Tuesday, August 25, 2009

All chords

Recently, I wrote a computer program to generate all the 2048 possible musical chords (from any given root after collapsing transpositions) in any twelve-note, equal-tempered octave system. Each chord's notes transpose into fair consonance by excluding major and minor seconds, minor ninths, and tritones. The above chords completely cover the inversions of the 351 chords, available after collapsing transpositions and inversions. For more background on why 351, see Wikipedia, Necklace (combinatorics).

I provide details on all the chord necklaces and their inversions, including note names. A readable yet concise and rigorous scheme (that I created) was followed to provide a chord name for each inversion. A goal was matching common practice as much as possible. This provides a useful, searchable inversion chart.
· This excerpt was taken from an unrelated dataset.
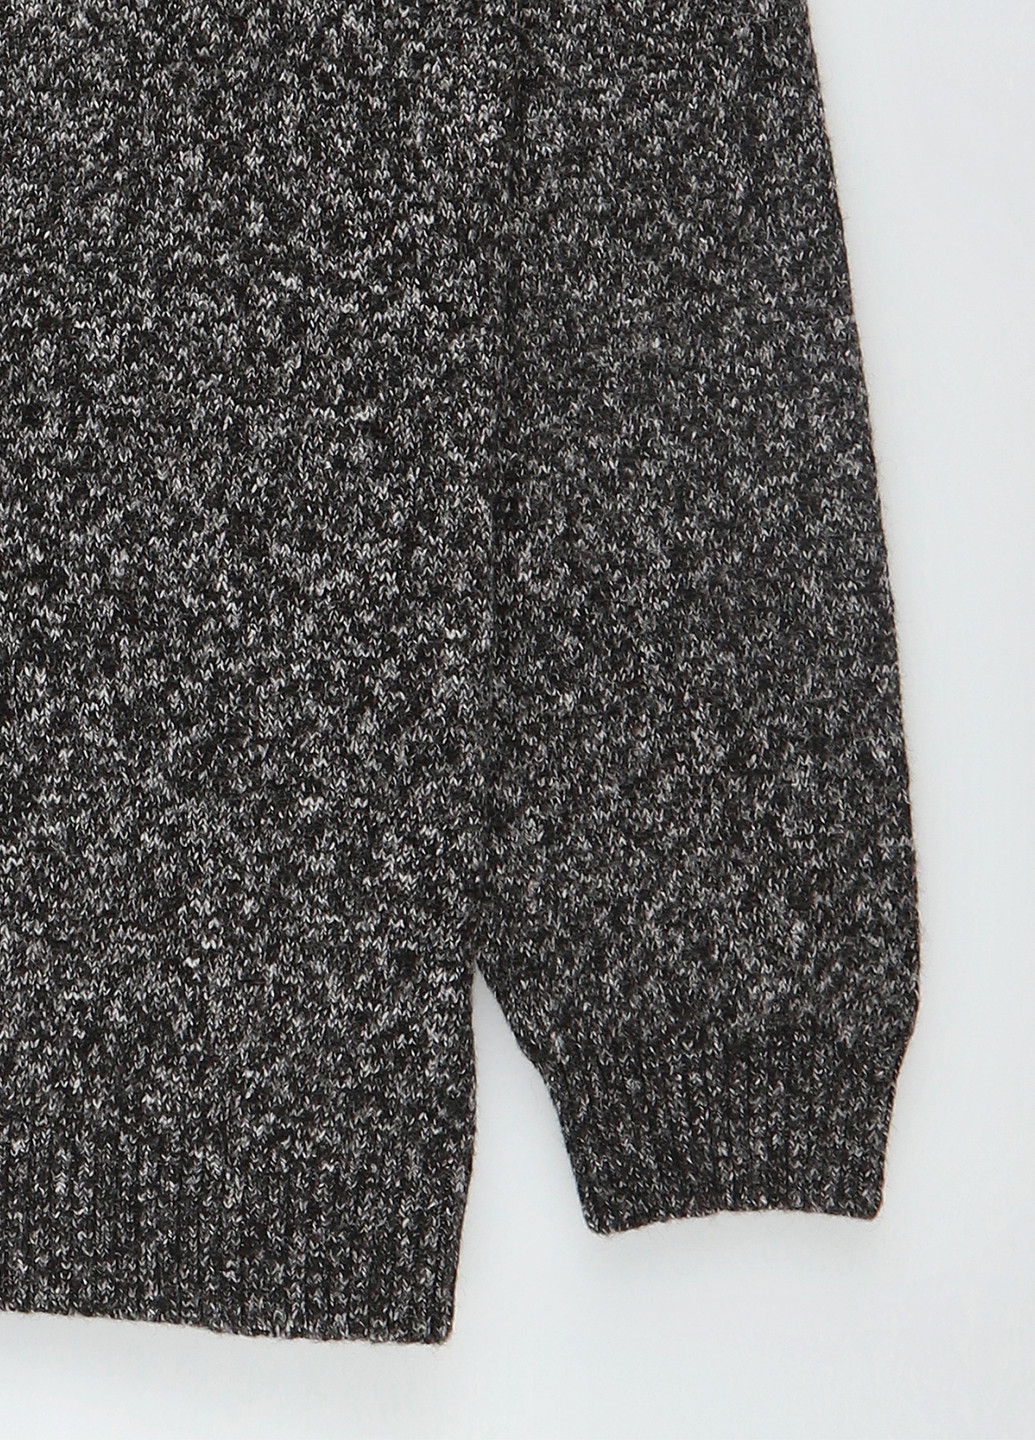 Темно-серый зимний свитер джемпер C&A

One might read a chord's description and play it manually, for instance on a piano.

A provided MIDI file of these chords is more consonant when played on a capable electronic piano than by the usual FM (frequency modulation) synthesis: than for instance on a SoundBlaster computer sound card. RealPlayer shows elapsed time; for the QuickTime player, General MIDI synthesis (which may sound better, depending on your sound card) is available at least on PC's by selecting, 'Plug-in Settings/Audio/Default Music Synthesizer.' For listenability, the (MIDI) chord roots are made to descend, alternately by major and minor thirds.
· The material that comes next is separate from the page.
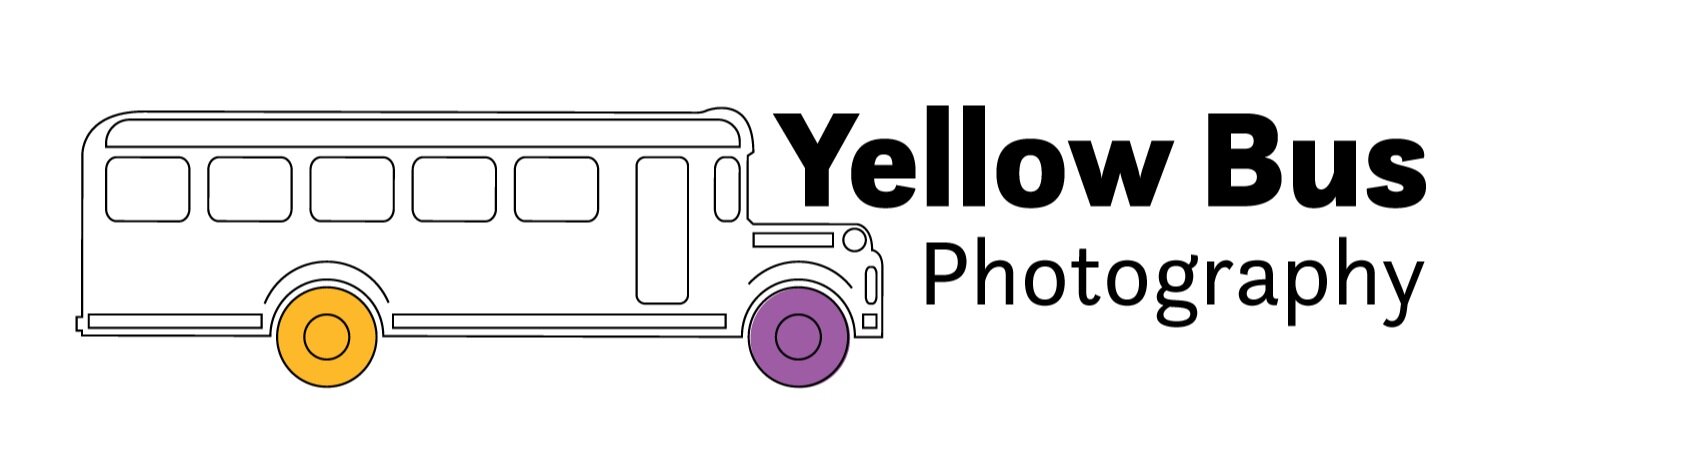 Yellow Bus Photographers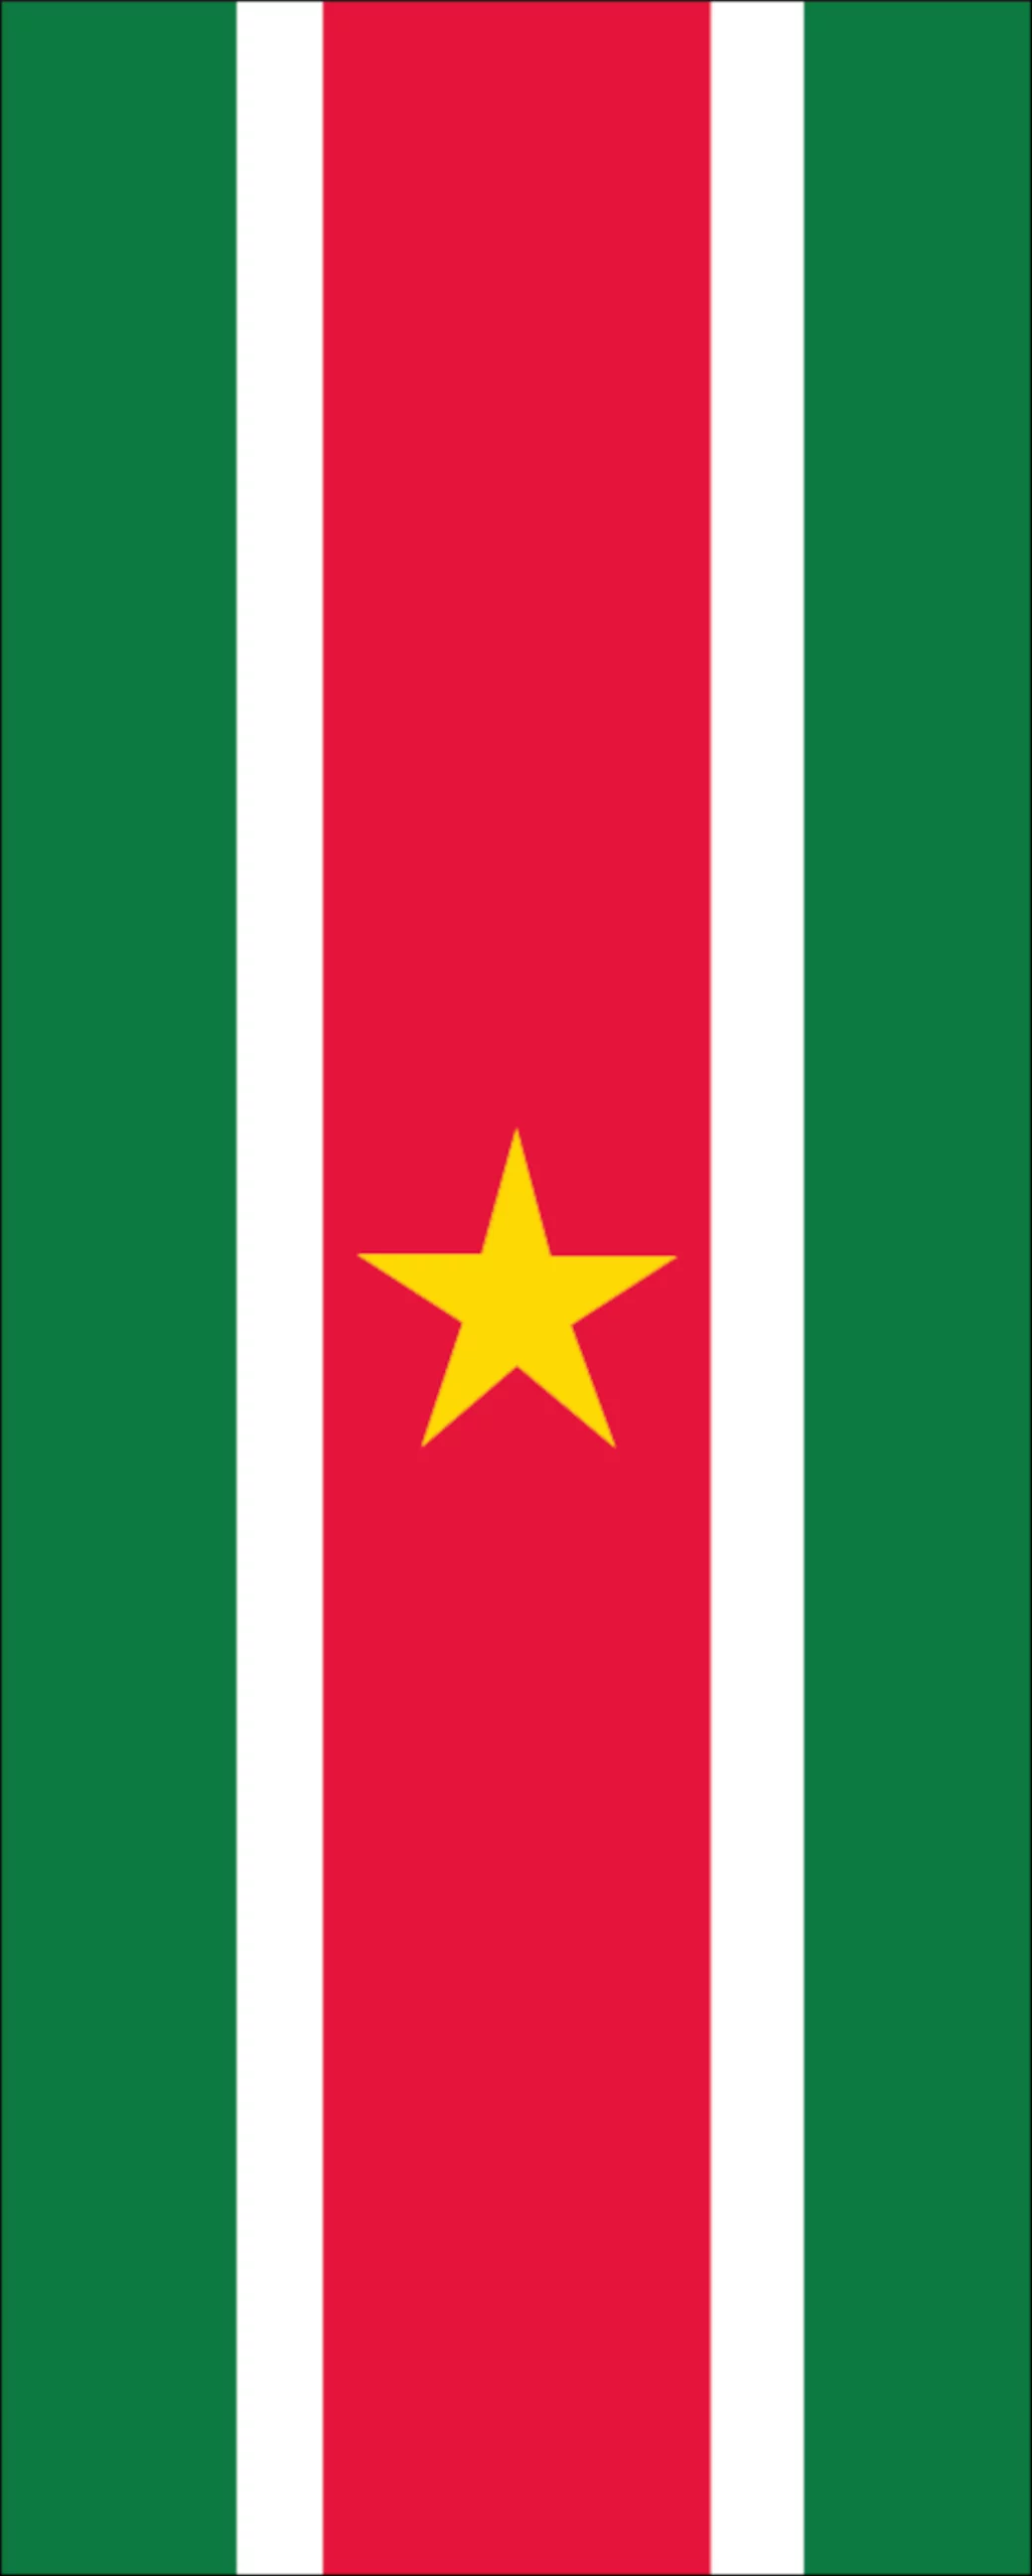 Flagge Surinam

This is better than all the lists previously available of pitch-class (PC) sets because the process of finding and sorting normal forms is more computer-oriented: it is simply the largest binary number of all the (necklace) rotations. Along with this way of numbering notes, leftward from G, it collects similar-sounding PC sets (especially in their '0-inversion' chords) because this collation first looks at sevenths (F# and F) rather than seconds (Ab and A).